(Exercise data begins)

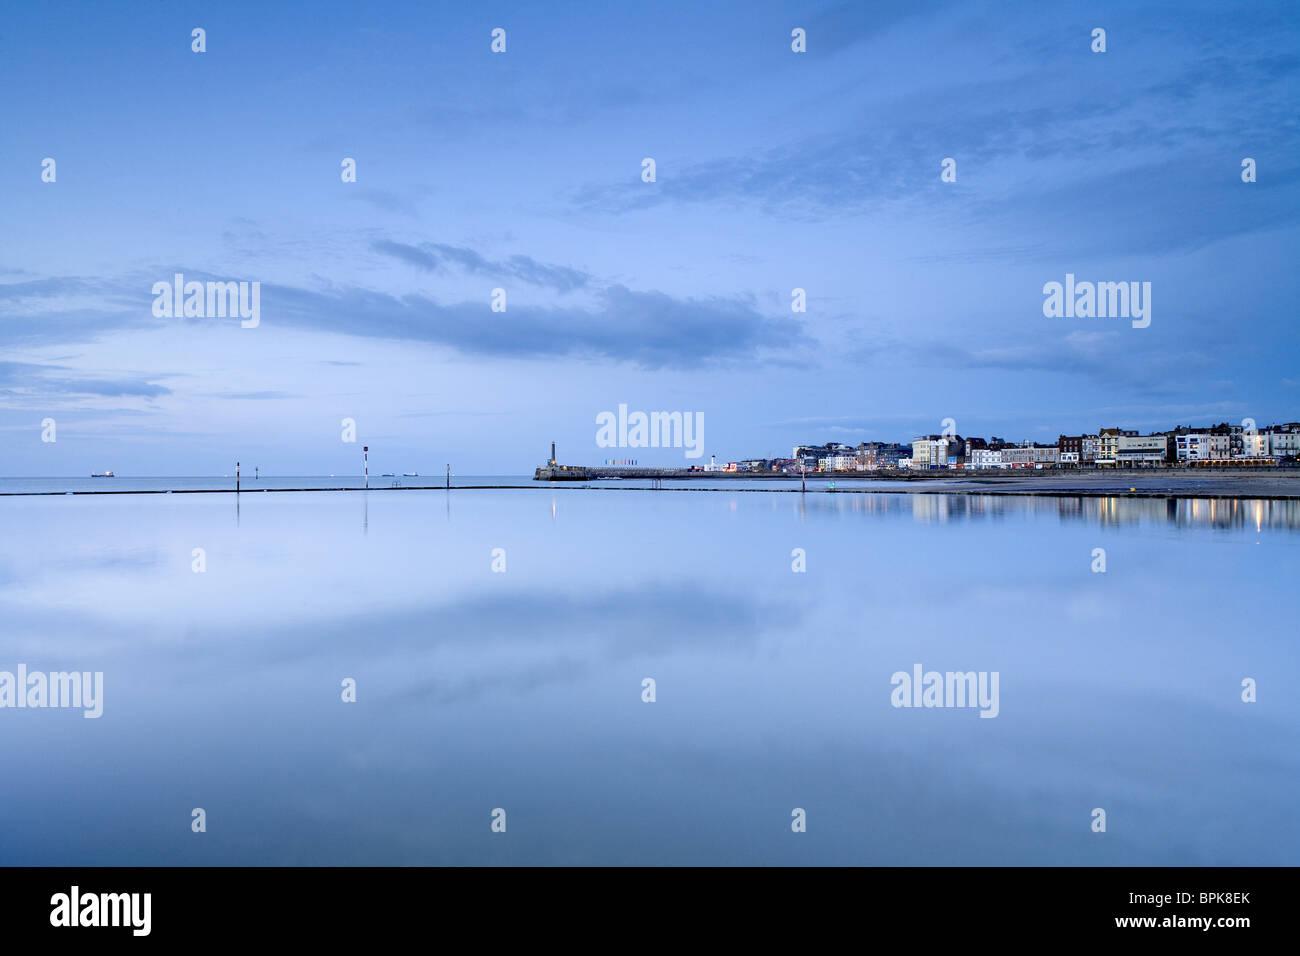 Cidade costeira de Margate, Kent, Inglaterra, Grã-Bretanha, Europa Imagens de Stock
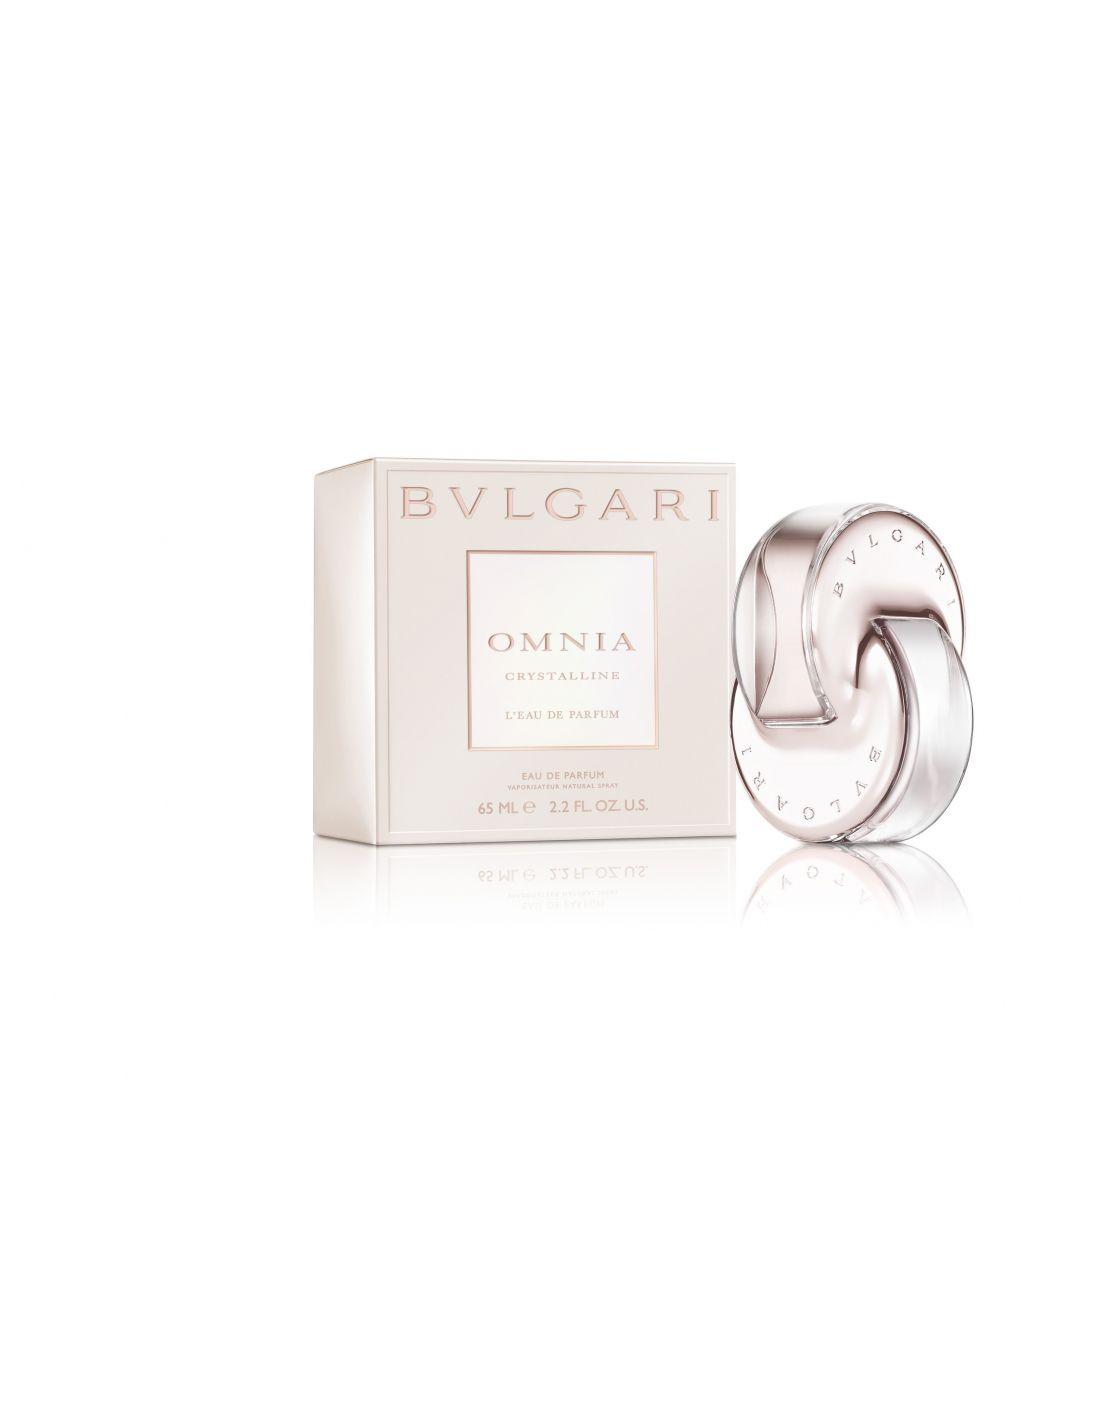 Perfume Omnia Crystalline L Eau Eau de Parfum 65 ml - Perfumes 24 ® a34bee76b9
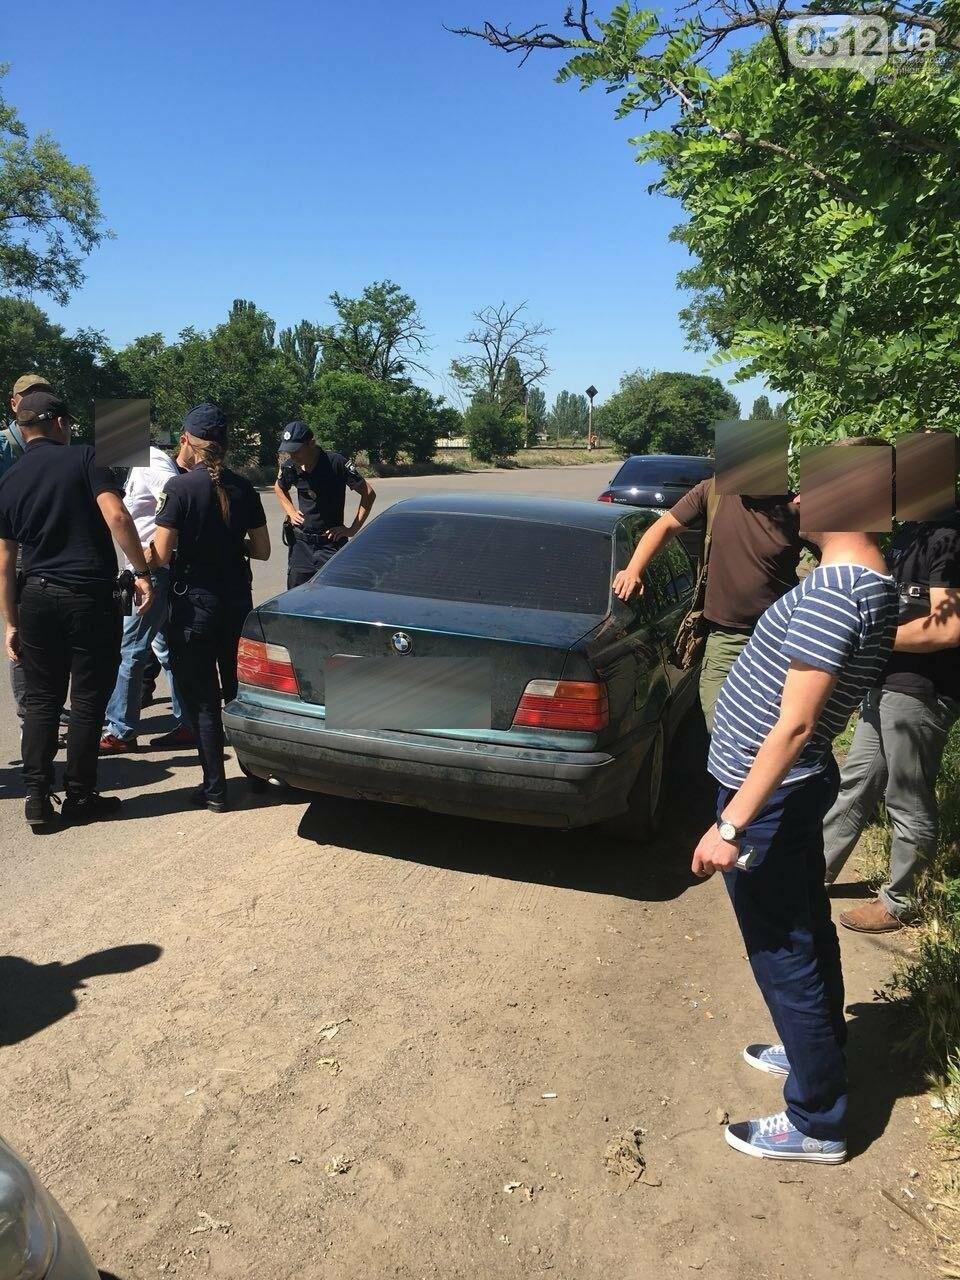 В Николаеве остановили пьяного водителя BMW с ножом, - ФОТО, фото-4
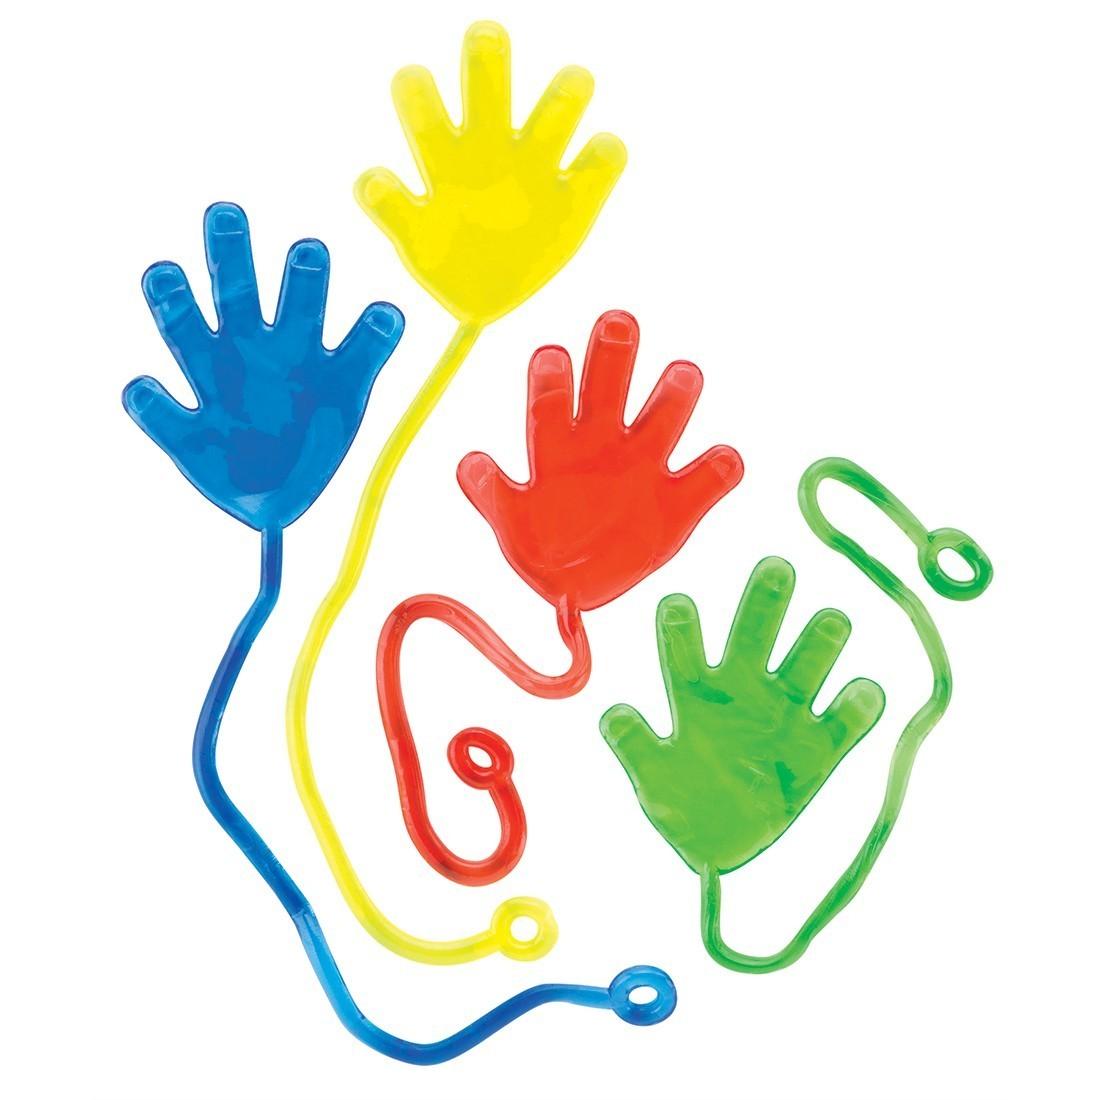 Sticky Hands [image]

(Exercise data ends)

▶ **What is needed**:
Return, exactly and without extra lines, everything from the line with "В Николаеве остановили" through the last line of the material above, both included. Pictures must be dropped.

▶ **Answer section**:
 В Николаеве остановили пьяного водителя BMW с ножом, - ФОТО, фото-4
 Sticky Hands [image]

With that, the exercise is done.